How to implement my own custom profiler?

We heard this question a few times from users, so I want to put a couple of points in writing, since more people will find them useful.

Users notice that BasicDatasetProfiler can generate loosely-specified expectations without constraints. In case the user has a dataset with multiple columns/features, it may be impractical to author all the expectations manually.

Before resorting to writing your own profiler, it is worth checking out an alternative profiler that is built in into GE. Run this CLI command: great_expectations suite scaffold SOME_SUITE_NAME. It will generate a Jupyter notebook that will let you control the columns and the types of expectations the profiler will profile. More details about this command: How to use the Great Expectations command line interface (CLI) — great_expectations documentation

If after trying this, you still have to implement your own profiler, extend this class: BasicSuiteBuilderProfiler. It has a lot of functionality you will find useful (e.g., classifying columns into low-cardinality, numeric and string ones and selecting reasonable types of expectations for each).

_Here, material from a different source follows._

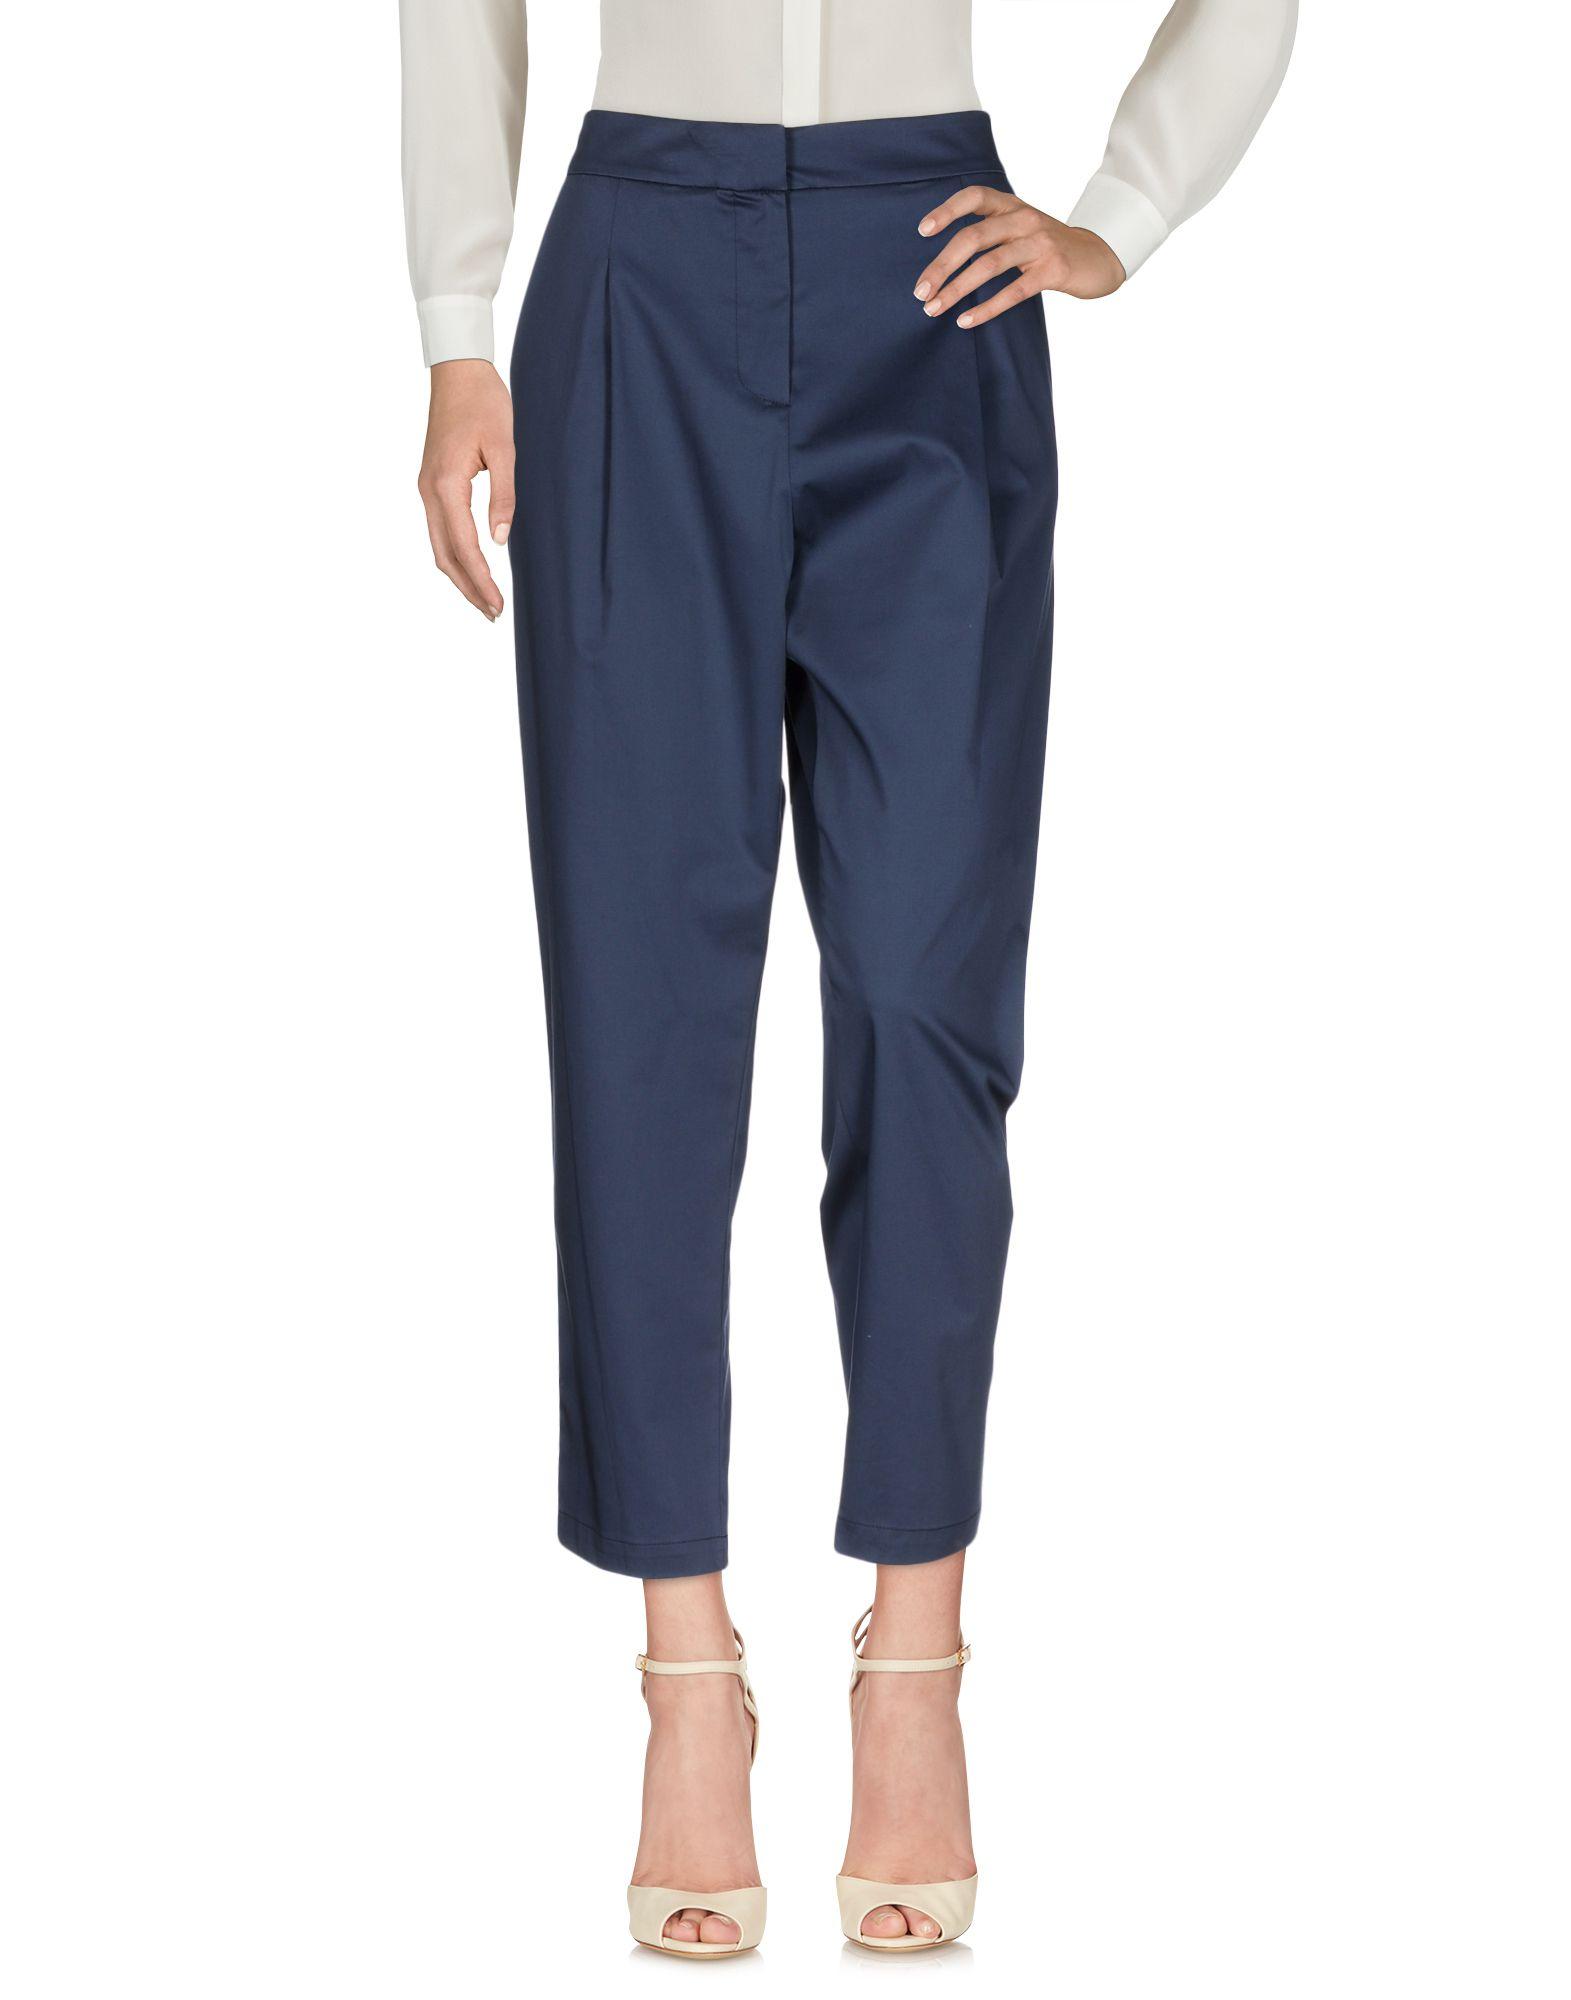 ANIYE BY Damen Hose Farbe Blau Größe 6

As usual, if you need help, reach us on Slack: Slack

Can we have the link above updated to the current working address for these docs? :pray:

1 Like

Hi Sandra! Thanks for finding this broken link! I believe this is the relevant document: https://docs.greatexpectations.io/en/latest/guides/how_to_guides/miscellaneous/command_line.html?highlight=scaffold#great-expectations-suite-scaffold-suite-name

2 Likes